CORPO PORTÁTIL – No livro Corpo portátil (Escrituras, 2002), do poeta e professor Fernando Fabio Fiorese Furtado, destaco inicialmente o poema Pin-up sobre fundo vermelho: Para abolir o álibi, / as pernas refluem da sombra / ao olhar: corpo rendido / por um deus inútil. / Sur le mur mentira cette affiche: / nem descuido, nem artificio, / apenas um mito imóvel. / Nenhum pormenor esconde, / nada entre o olho e o horizonte / senão a demasia das unhas. Também O autor quando jovem: Embora a mímica aborreça / e mintam as testemunhas / e o que inquieta o objeto / o outro mal começava / nas dobras do processo. / Como um assassino suave / ainda ostenta o que vai morrer. / Se o braço esquerdo descuida, / escreve sobre o corpo / a cifra de toda ficção. Por fim, o poema O corpo e as cidades: De quantas cidades estive / (e não digo as que de passagem, / guardei apenas uma rubrica / e o rumor do jornal dormido, / nem aquelas em livro escritas / ou contrabando dos amigos, / em cartões postais e souvenirs) / pouca vestiram este corpo / camisa feita de encomenda, / sem rugas, penses, rebordos. Veja mais aqui, aqui e aqui.
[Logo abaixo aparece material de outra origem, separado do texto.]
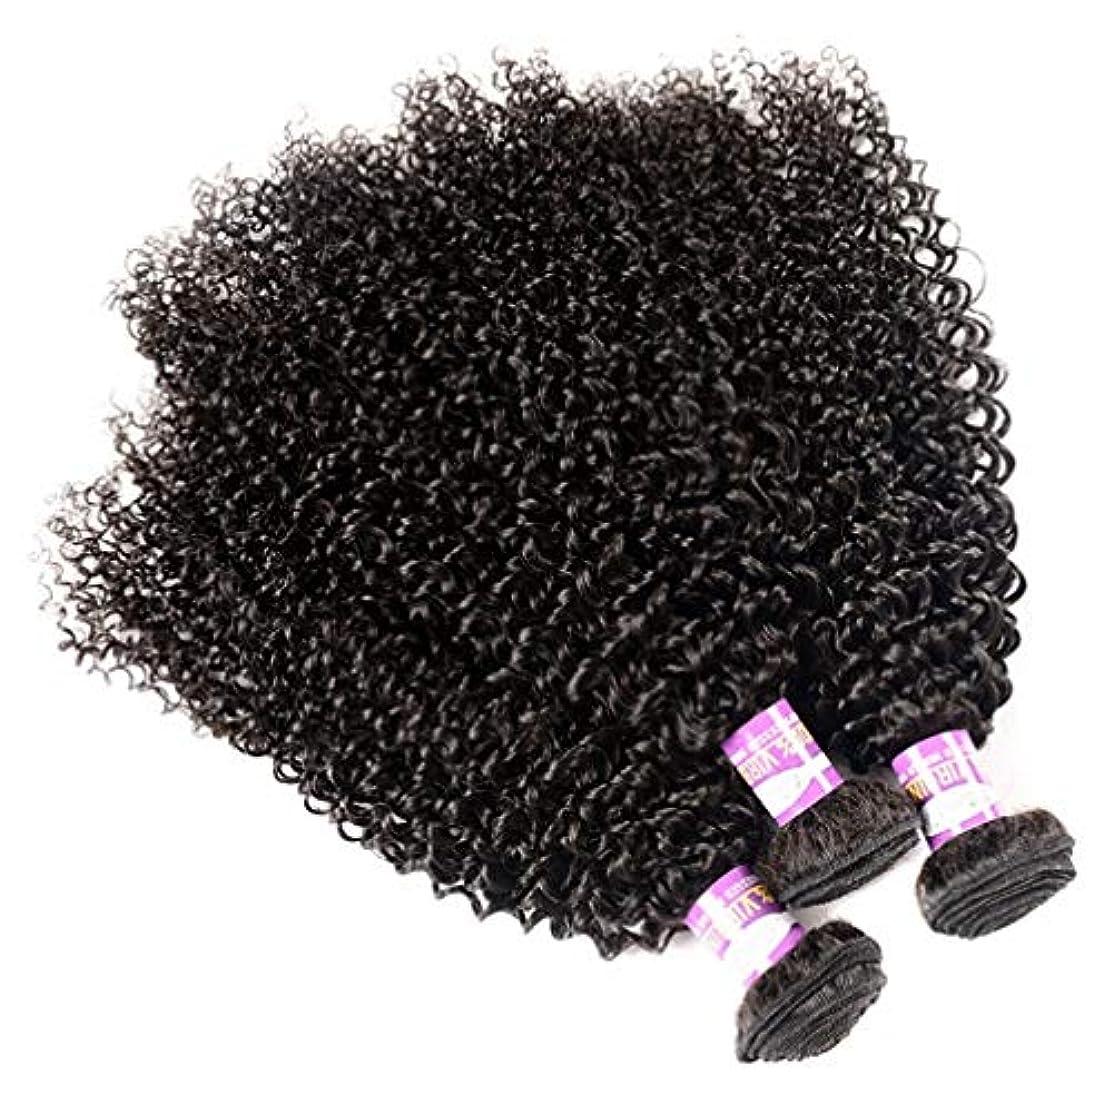 ネスト時計回り法廷女性ブラジル人髪織りバージン人毛体波100%人毛織りナチュラルブラックカラー(3バンドル)

A COMÉDIA - Na obra Teatro Vivo (Civita, 1976), organizada por Sábato Magaldi, encontro que: Originada da parte mais alegre do ditirambo – o cântico improvisado das primitivas procissões dionisíacas – a comédia encerrava os festivais atenienses mostrando aos espectadores que o teatro é uma grande brincadeira. Os gregos associavam a comédia a personagens ridículas representadas como pessoas absurdas e ofensivas. Apresentada como uma forma burlesca da tragédia que a precedera, a comedia nem por isso deixava de dirigir criticas mordazes às instituições e às pessoas notáveis. Os próprios deuses eram objeto da sua contundente jocosidade. Quando entraram em contato com os gregos, os romanos ficaram particularmente encantados com as divertidas possibilidades que os comediógrafos ofereciam para distrair patrícios e plebeus. Mas antes de adotar o gênero, tiveram o cuidado de apagar dele qualquer traço político ou religioso, encampando o que as comedias tinham de mais secular e lúdico. Assim, às contundentes ironias políticas de Aristófanes, preferiram seguir o exemplo das sátiras de Menandro (342-291aC), mais elegante e com marcada preferencia por temas individuais – problemas familiares e amorosos, aventuras de tristes crianças abandonadas e reencontros românticos. Veja mais aqui e aqui.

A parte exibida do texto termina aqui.